Problem details: Skip the pictures. Retype exactly, and only, the lines between the line holding "papieren kunst online" and the last line below, inclusive.

Data segment:
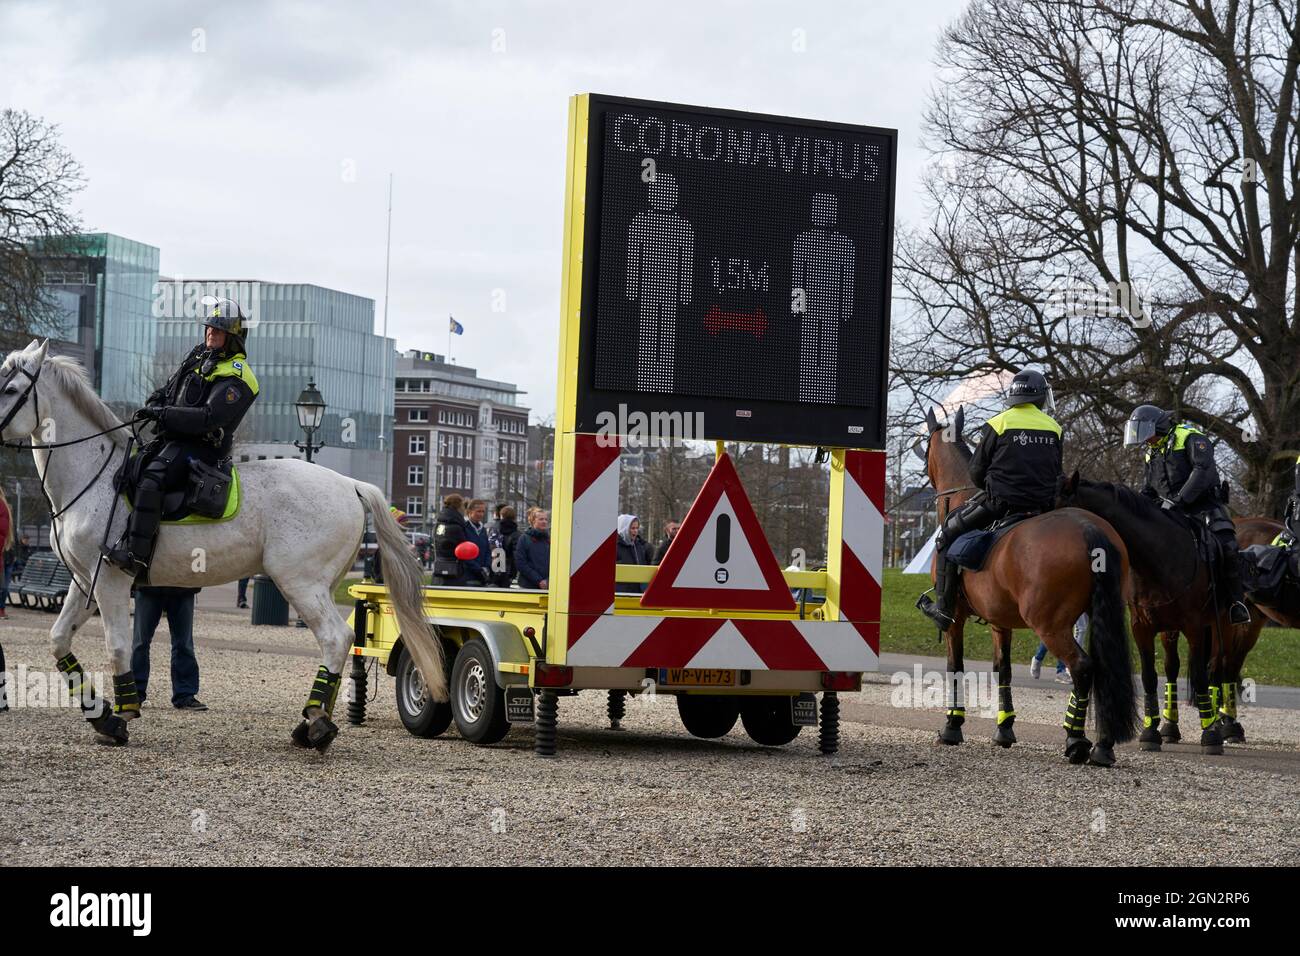 La polizia a cavallo si prepara ad intervenire in una manifestazione anti-vaccino. Foto Stock
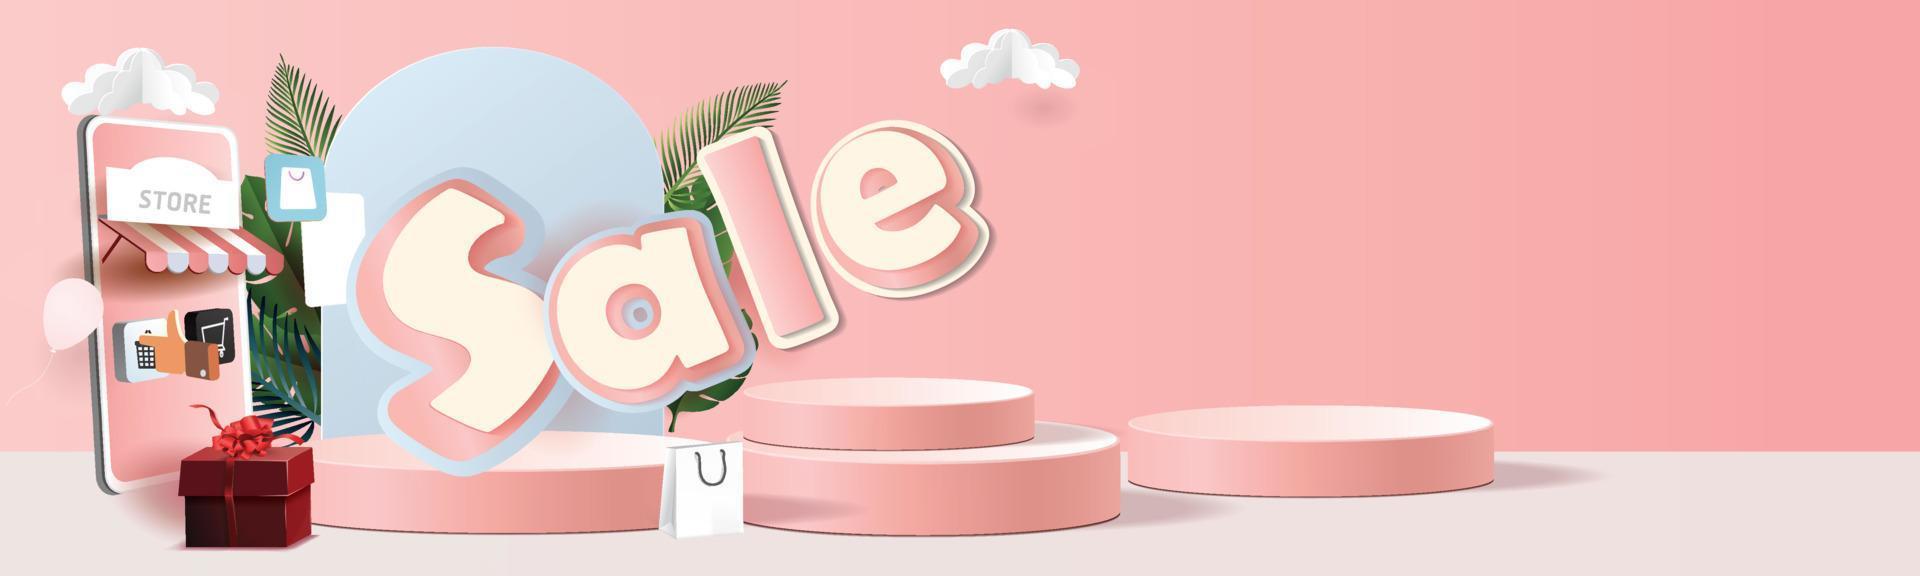 papieren kunst online winkelen op smartphone en nieuwe koop verkoop promotie roze achtergrondgeluid voor banner markt e-commerce vrouwen concept. vector
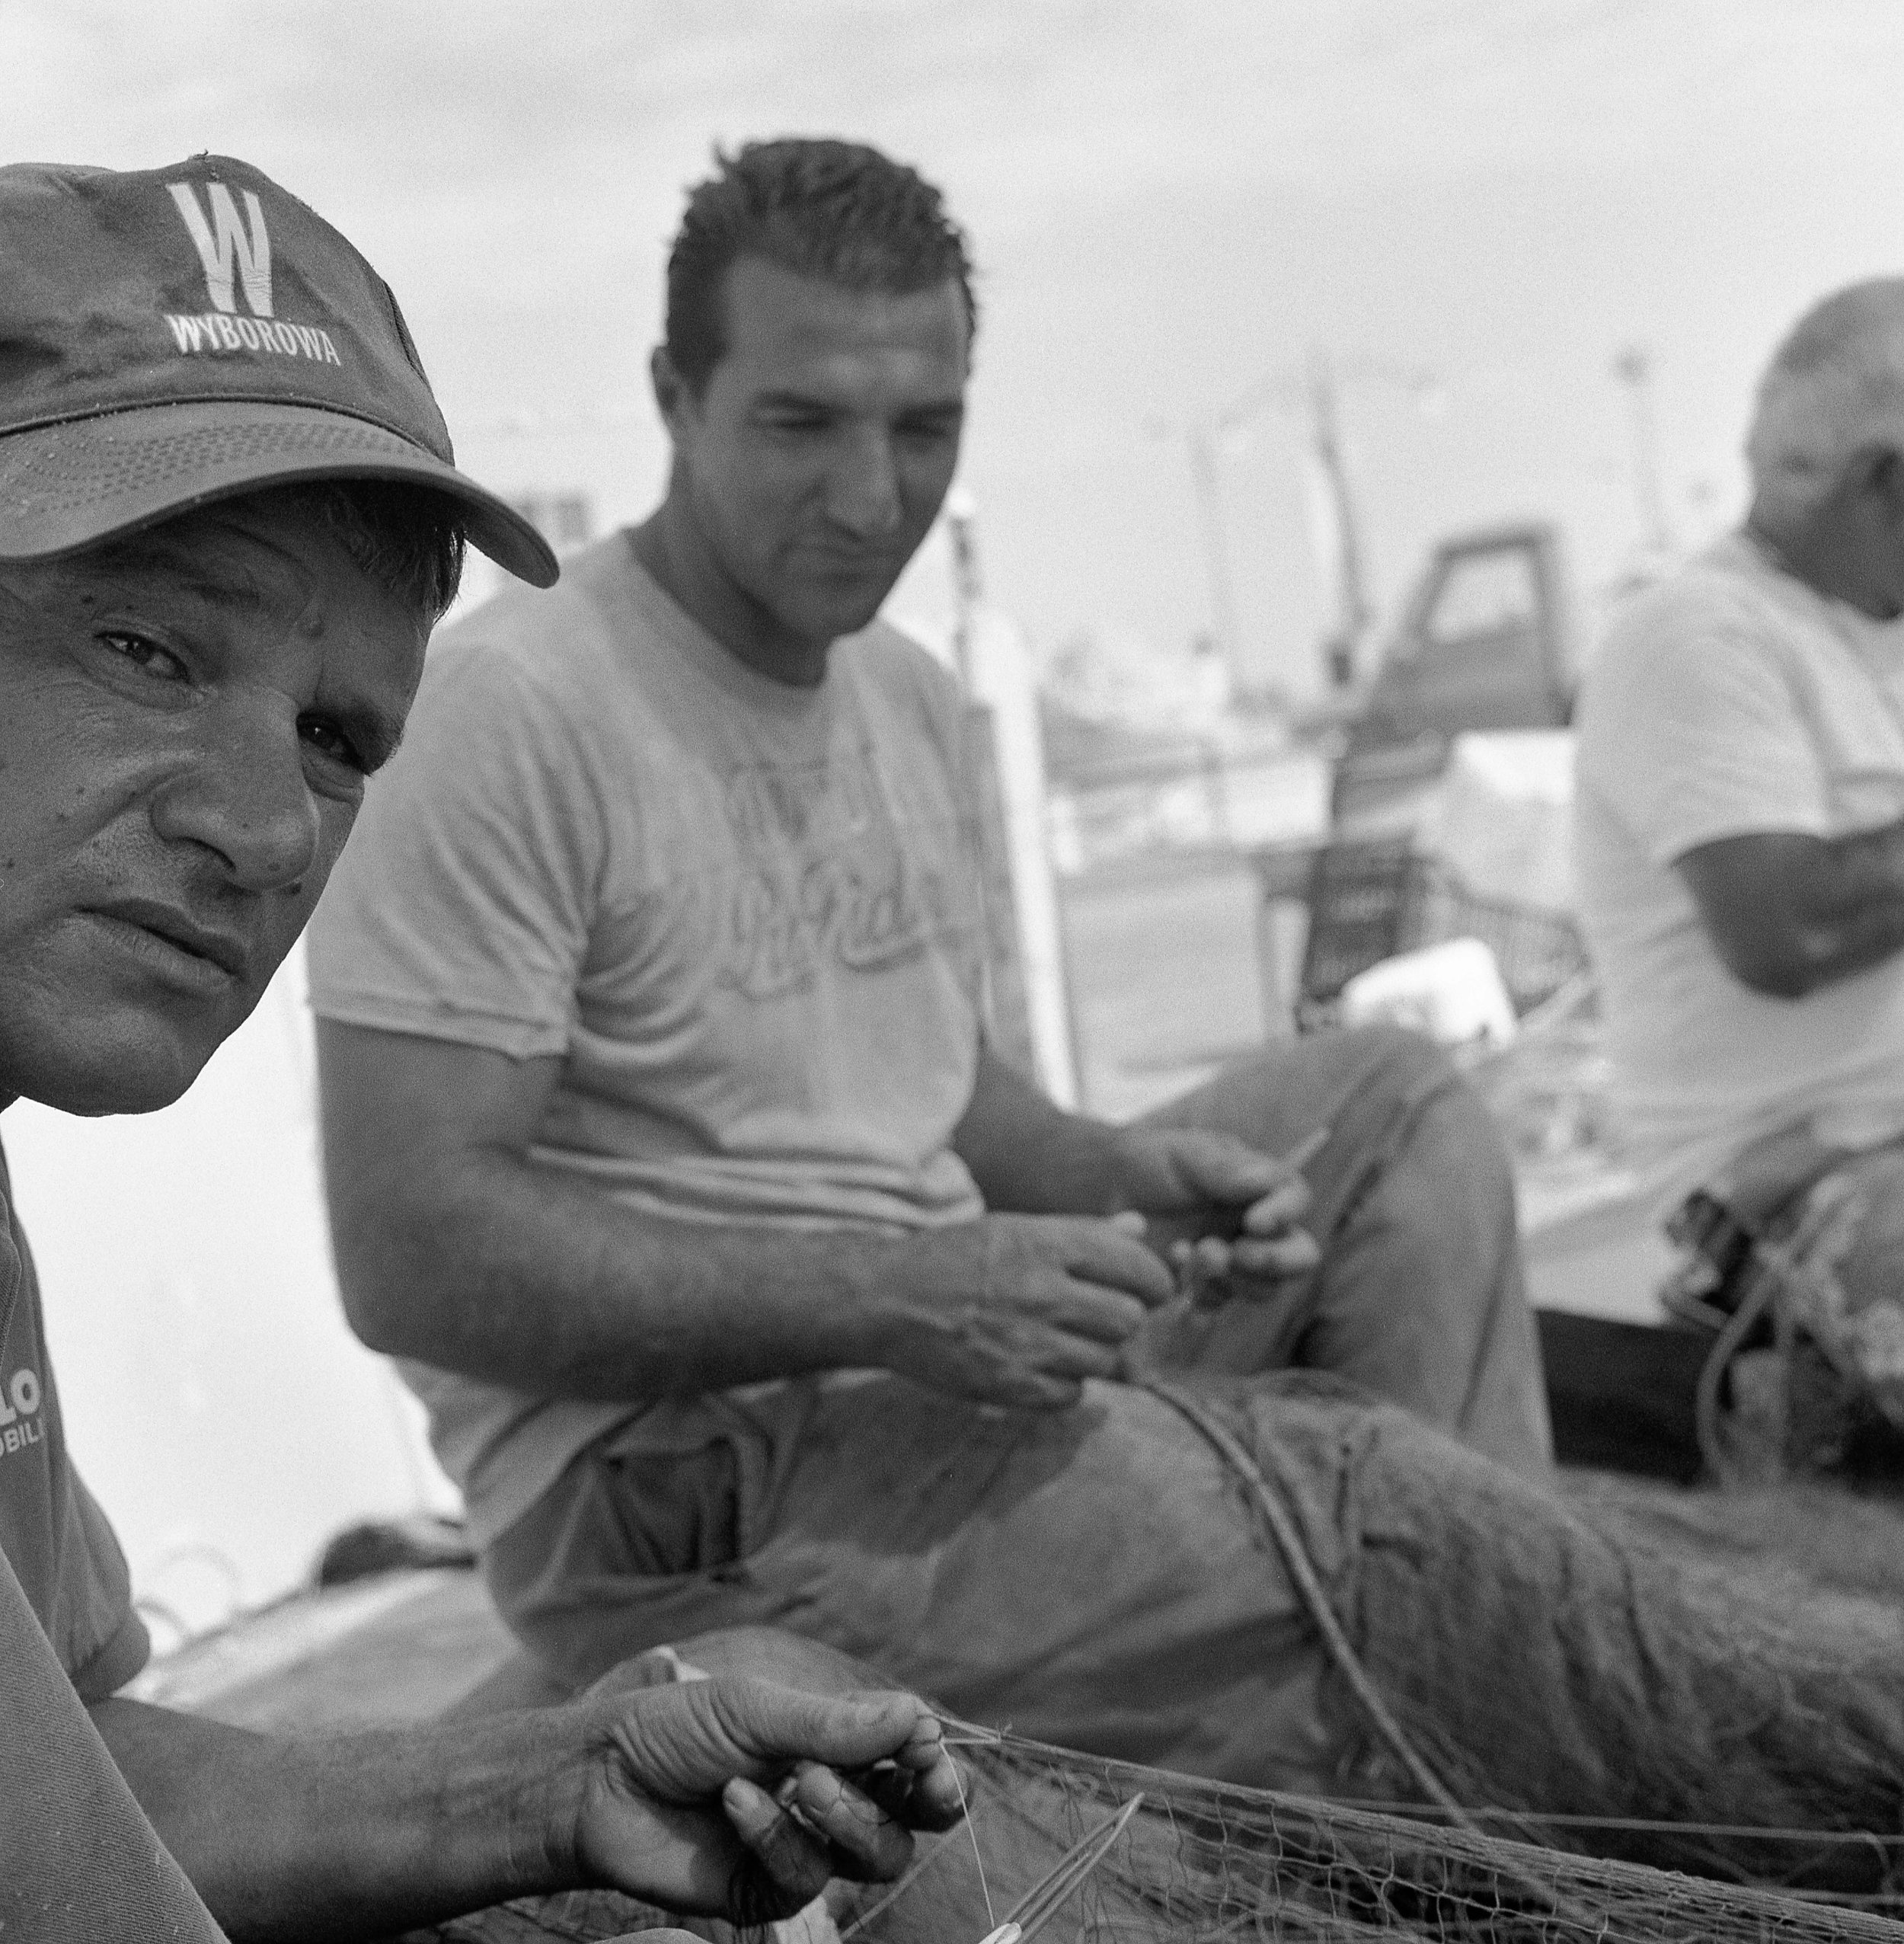 Pescadores. Gallipoli, Italy

Exercise solution:
 papieren kunst online winkelen op smartphone en nieuwe koop verkoop promotie roze achtergrondgeluid voor banner markt e-commerce vrouwen concept. vector
 Pescadores. Gallipoli, Italy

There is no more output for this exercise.